Well, there are only three possibilities. It's the motor, the batteries, or the controller. How mini is the mini-bike? I have a small scooter/mini bike that came with a bad controller. I ditched the controller and installed a single contactor. Now I just switch in either 24 or 36 volts worth of batteries. Even with me on it it will do at least 15 mph at 36 volts and I am North of 250 pounds. I have not counted the teeth on the gears so I'm not sure what the ratio is set at, but everything about your setup sounds heavier duty then what I am talking about. I would try hooking some batteries straight across the motor. If you can, start with 12 volts then try 24 volts. Just use a pair of jumper cables and don't ride very far. 36 volts is starting to push it a little high for the jumper cable approach, but if you have a decent contactor laying around you can also try 36 volts. A clamp on ammeter would be great if you have one, then you can see how much current you are drawing. A voltmeter across the batteries will also give you useful information.

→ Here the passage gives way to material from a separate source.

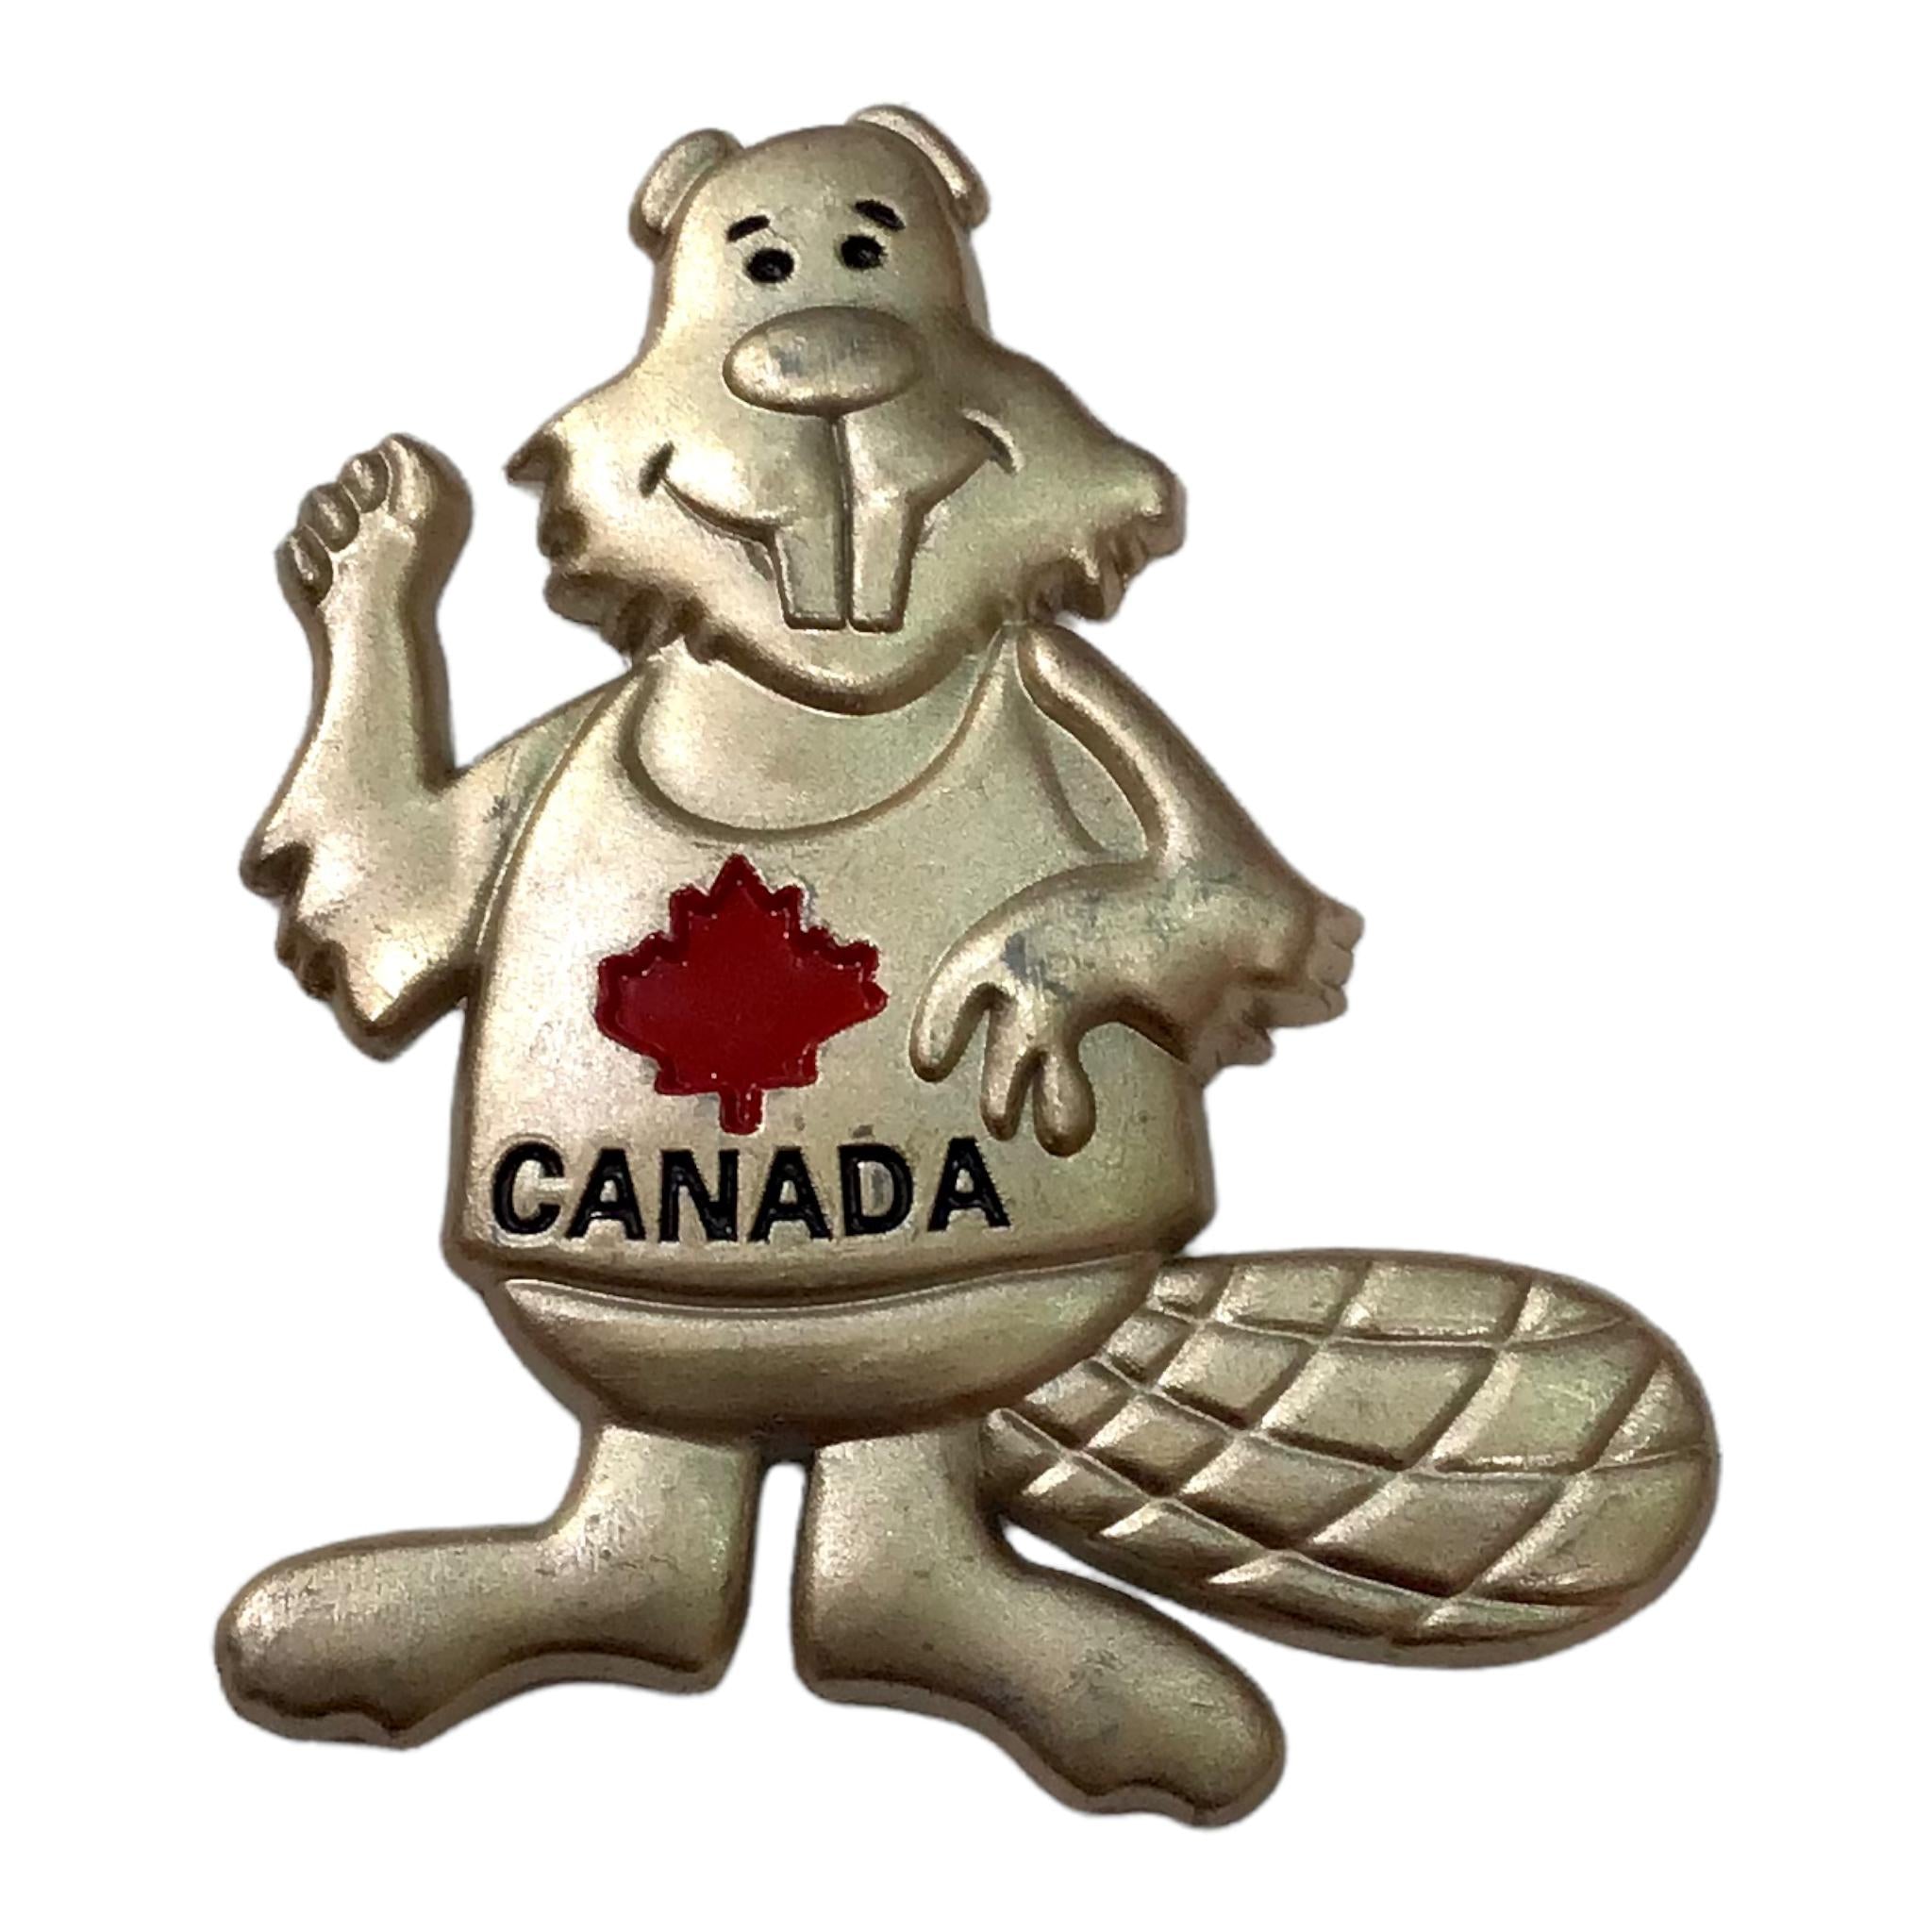 Canada beaver fridge magnet silver tone metal DieCast

A 750 watt controller sounds like plenty to tool around on a minibike, but it is the easiest thing to take out of the loop, so I would start there. I would expect you to be able to do at least 20 mph on 36 volts on your minibike, but you may find that the motor needs a lot more current then the 20 amps or so your controller can provide.

damon


From: SteveS <[EMAIL PROTECTED]>
Reply-To: ElectricMotorcycles <[email protected]>
To: ElectricMotorcycles <[email protected]>
Subject: [ElectricMotorcycles] mini-bike performance
Date: Sat, 23 Jun 2007 15:04:50 -0400

Or lack thereof.

The volume of emails lately on the list served as a good kick in the can for my mini-bike project. I finally wired it up and tried it out. It was not a great experience.

The power was very low and then the motor shed part of one magnet. Luckily I had another motor and put it and tried again. Still not working well. On flat ground I can get it to move along maybe 3-4 MPH after helping it start up. If I start on a downhill I can get the speed up to 5-7 MPH but it bogs down on any uphill slope.

Here's what I have.

Mini-bike frame with 11" rear tire.
Motor gear 12 teeth, rear gear 64 teeth
~1HP 36V large mower deck motor from an Elec-Trak
3 12V-18AH SLAs in series
36V 750W controller from a scooter store

If I calculate right at 5MPH I should be turning about 800RPM. Maybe I need a higher gear ratio? The motor is probably designed to run at a constant speed since it's from a mower deck. Could that be the problem? Or am I just asking too much from too little? On the flat it was pulling about 20A or so.Voltage stayed pretty steady. Batteries are new and freshly charged. It is a pretty heavy setup with the motor, batteries (and me!).

I didn't expect too much, but I thought it would move along.